23 Responses to “TED 2008 -- Garrett Lisi's E8 Theory of Everything”

  1. cinemajay says:

    I’m surprised you didn’t link to Kim Zetter’s Wired article about him–he did a Q-n-A:


    Interesting guy!

  2. Takuan says:

    bah! never mind all that!!

    Where is my hover-car!??

  3. Mark Frauenfelder says:

    I was thinking of Kurt Goedel. Sorry!

  4. pageman says:

    It takes a surfer who studies wave patterns on the water intensely and for days on end to be able to come up with an idea that the geometry of a Unified Theory would “have to be” an E8 – I posted something about this before his talk: http://pageman.wordpress.com/2008/07/28/e8-an-exceptionally-simple-theory-of-everything-surfer-dude-garrett-lisi/

  5. Jeff says:

    Takuan: Distress, by Greg Egan.

  6. Anonymous says:

    This was reported in a very interesting New Scientist article late last year:


    November 15/17th as I recall. Very interesting article.

  7. NikFromNYC says:

    The universe was created when normal thickness lasagna noodles of infinite extent (thus rendering them effectively one-dimensional membranes) stuck together and then were rudely pulled apart while being stirred by the great cook in the sky, named Olga. That this corresponded to a 128 sided object, also, had to do with the fact that the metal pasta stirring wand had 128 nodes on it.

    I met my roommate one day. We had assigned rooms. He kept talking about Olga. His thesis the I think he did finally finish was about “Russian peasant immigration in 1885″. He was so depressed about Olga not having a visa to even visit. Then she visited. And Olga was the spitting image of a porn star. I had never seen such a sexy yet humbly beautiful girl in my entire life, and that includes my first girlfriend.

    So yeah, there are theory, and then there are THEORIES, and this one happens to be qualitatively (of a different category of coolness than their competitors) better than others. It’s Olga, from nowhere.

  8. Takuan says:

    Distress then, very well, I’ll look for it.

    The Nine Billion Names of God.

  9. georgelazenby says:

    Who the hell is Kurt Schroedinger?

  10. Takuan says:

    Erwin’s evil twin.

    I’m waiting to see if Lisi is on to something. Pity is they have to dumb it down so much I still won’t know if he is on to something.

  11. ncm says:

    It’s a sad that mathematicians need to pretend to be physicists to get academic support.

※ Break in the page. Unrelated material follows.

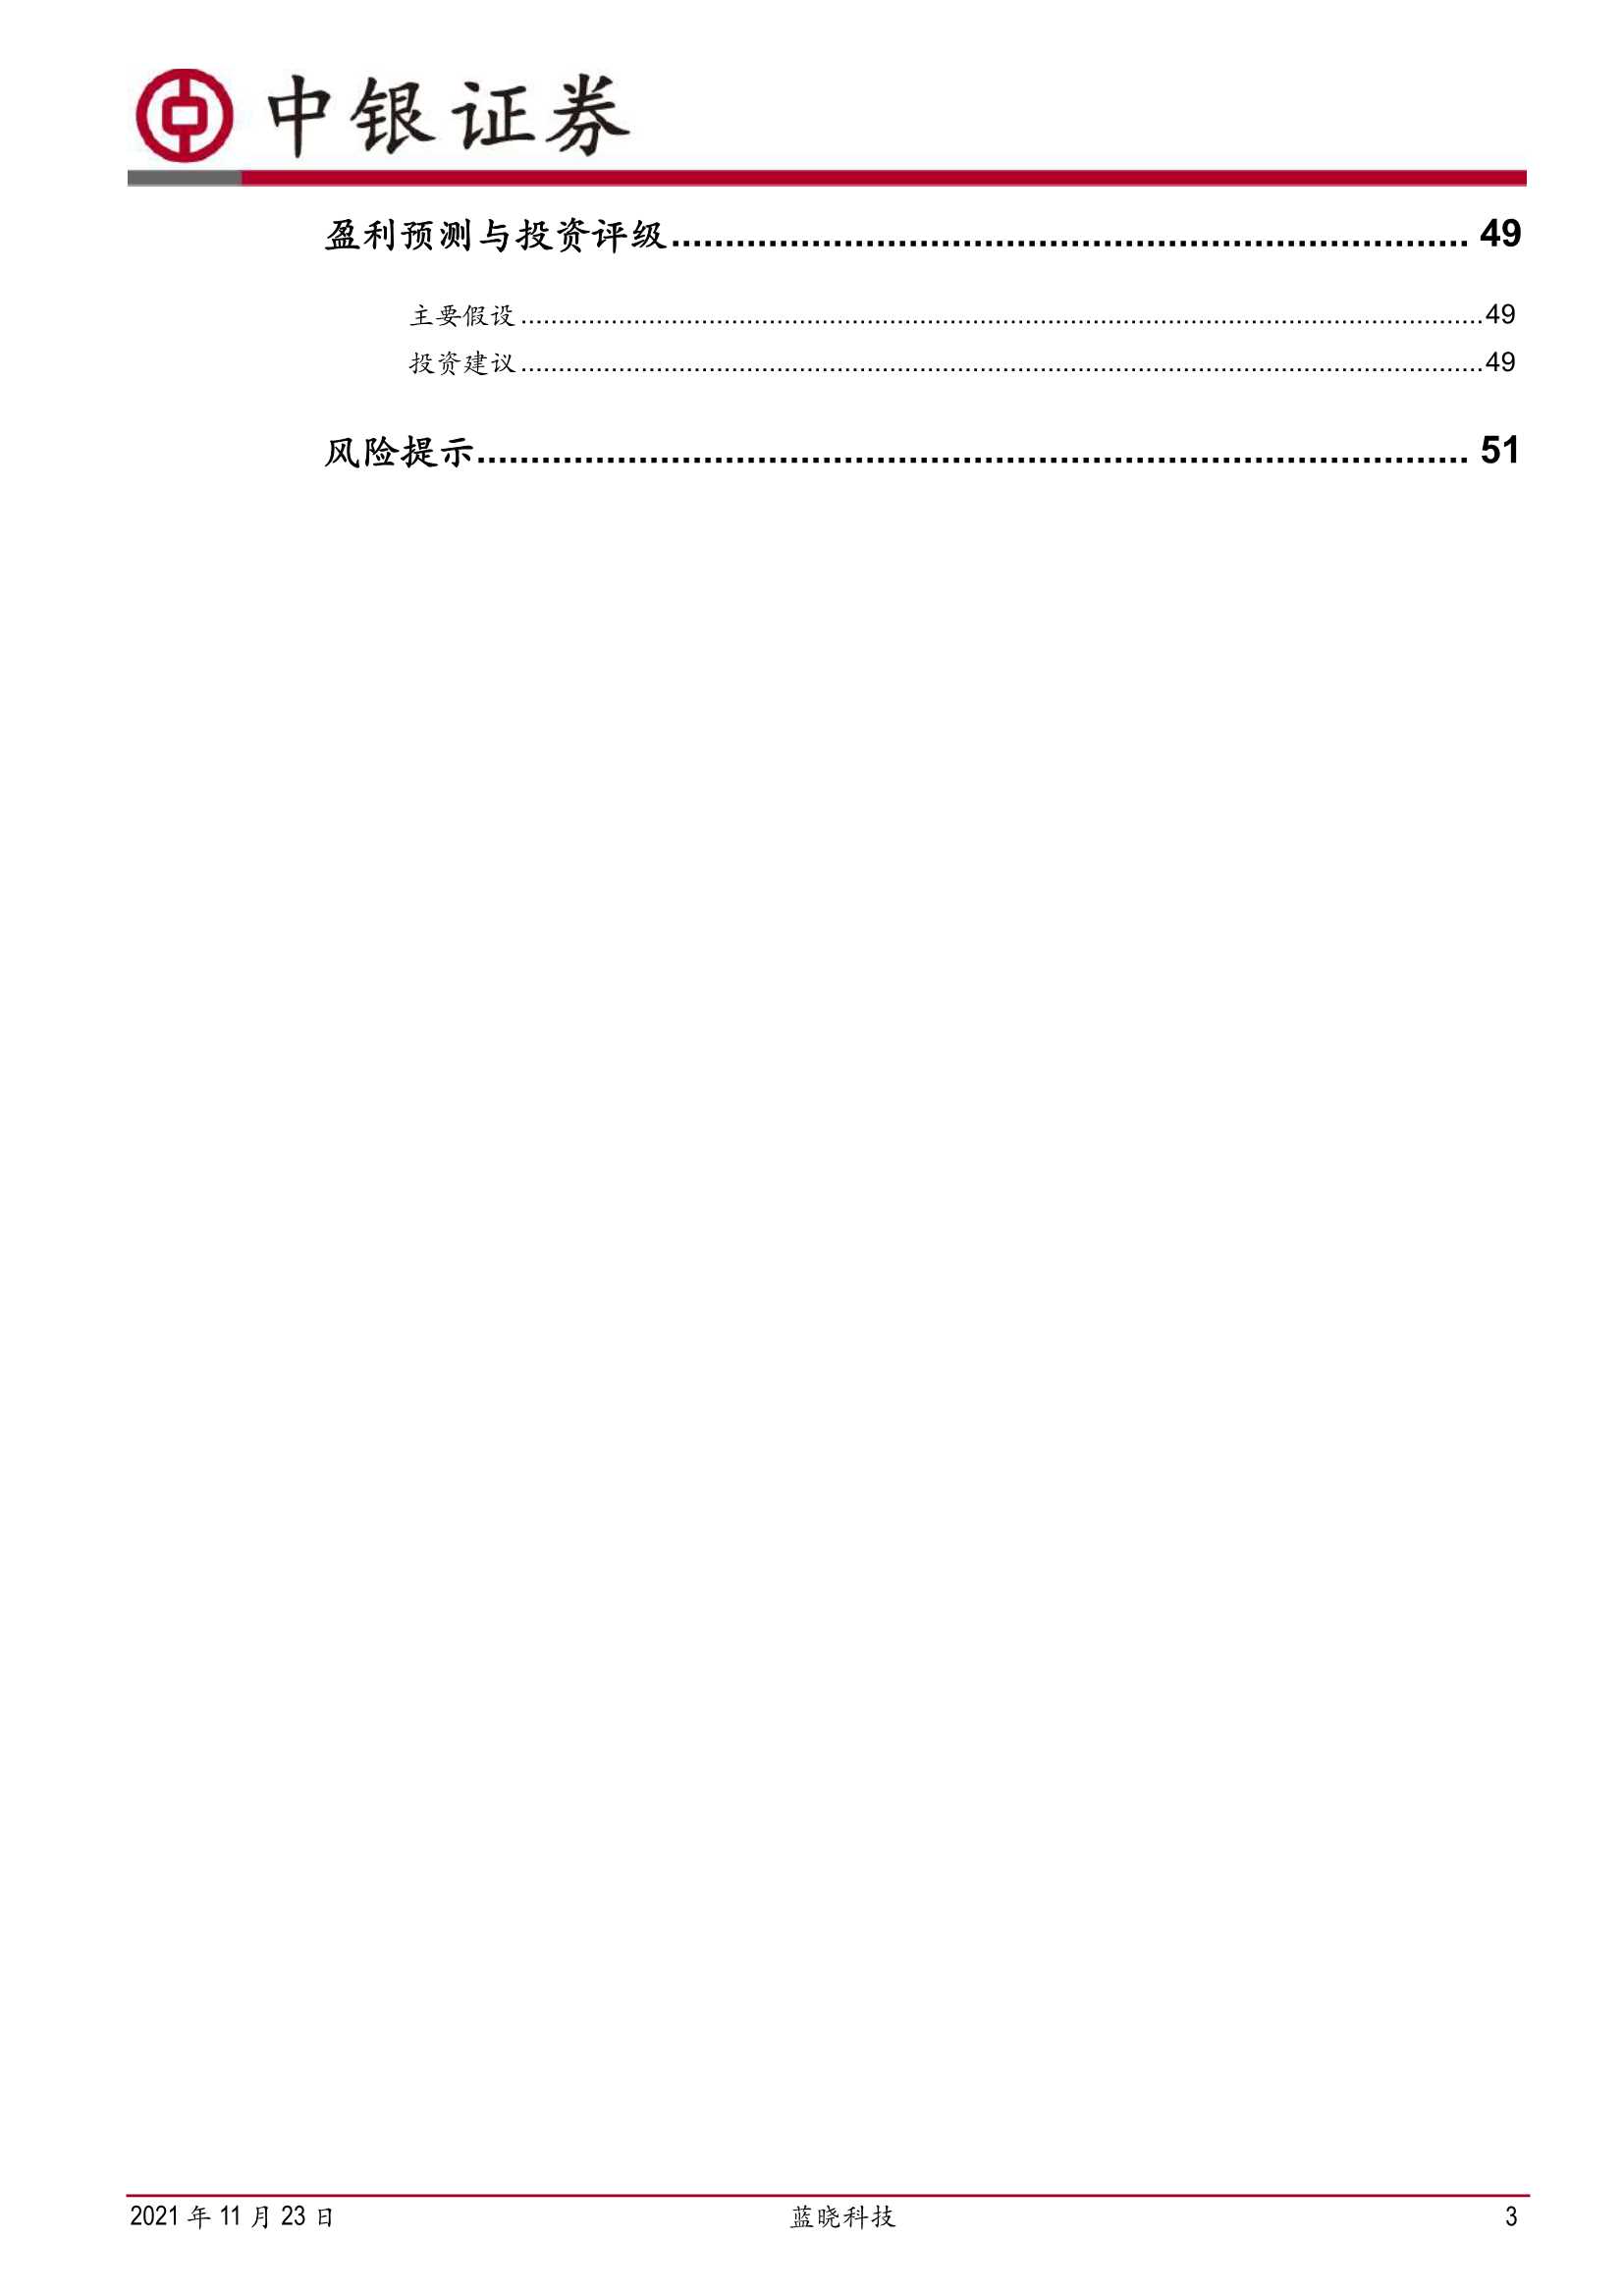 中银国际-蓝晓科技-300487-专精吸附分离材料，特种领域创新先行者-20211123-54页

    It’s sad for mathematicians, but tragic for students who would like to become physicists and not abstract mathematicians. Entire physics departments (e.g. Harvard’s) have been taken over by mathematicians who have no practical interest in the actual science of physics — lab work, experiments, synthesis from experimental data. Astronomy departments are similarly afflicted.

    I’ll bet Lisi’s notion is beautiful, and from a mathematical standpoint that should suffice. It’s a shame he has to dress it up as physics.

  12. Songe says:

    I think he means Erwin. Kurt is a nicer name though.

    This sort of thinking is indistinguishable from spiritual inquiry, to me at least – I hope to see a cultural tendency for the rift between science and religion to be healed.

  13. Jeff says:

    Read Greg Egan’s Distress if you’re so excited about the TOE. If there is a Higgs boson, then there is an anti-Higgs boson. Have fun finding that one.

  14. Letter J says:

    Living on Maui, I will have to ask some of my surfing buddies if they know this guy. Something tells me they would remember the guy talking about a grand unifying theory while riding at Ho’okipa.

  15. Anonymous says:

    Lisi was on to something if only the prediction of new particles. Using this one idea and ignoring the rest of his work, one is able to come up with a proveable generable theory of everything. See the work of the lumiinaries, mix in a genius IQ (not necessarily too high, 130+ should do) and come up with it on your own. I’m not going to be responsible for your meeting god. (at least not directly, and certainly not yet)

    Good luck to all that seek; it is knowable.

  16. Takuan says:

    damn, what was that story again… South Africa, black physicist, apartheid cops, torture (“Wot’s this “TOE” on your shirt, kaffir!!” – great description of actual tortures used for all you “waterboarding is just a shower” pricks -…. “Dead Mans’s something? a bus? … this is gonna bug me now…. bloody good writing too.

  17. Tits McGee says:

    Lisi’s ToE can be found here and he addresses some questions about the theory here.

    It has been interesting to observe the reactions since Lisi published his paper. That important mathematical work is being done by people outside the academic community, like Lisi and Grigori Perelman, and being published at arXiv instead of in peer-reviewed journals seems to irritate some and exhilarate others.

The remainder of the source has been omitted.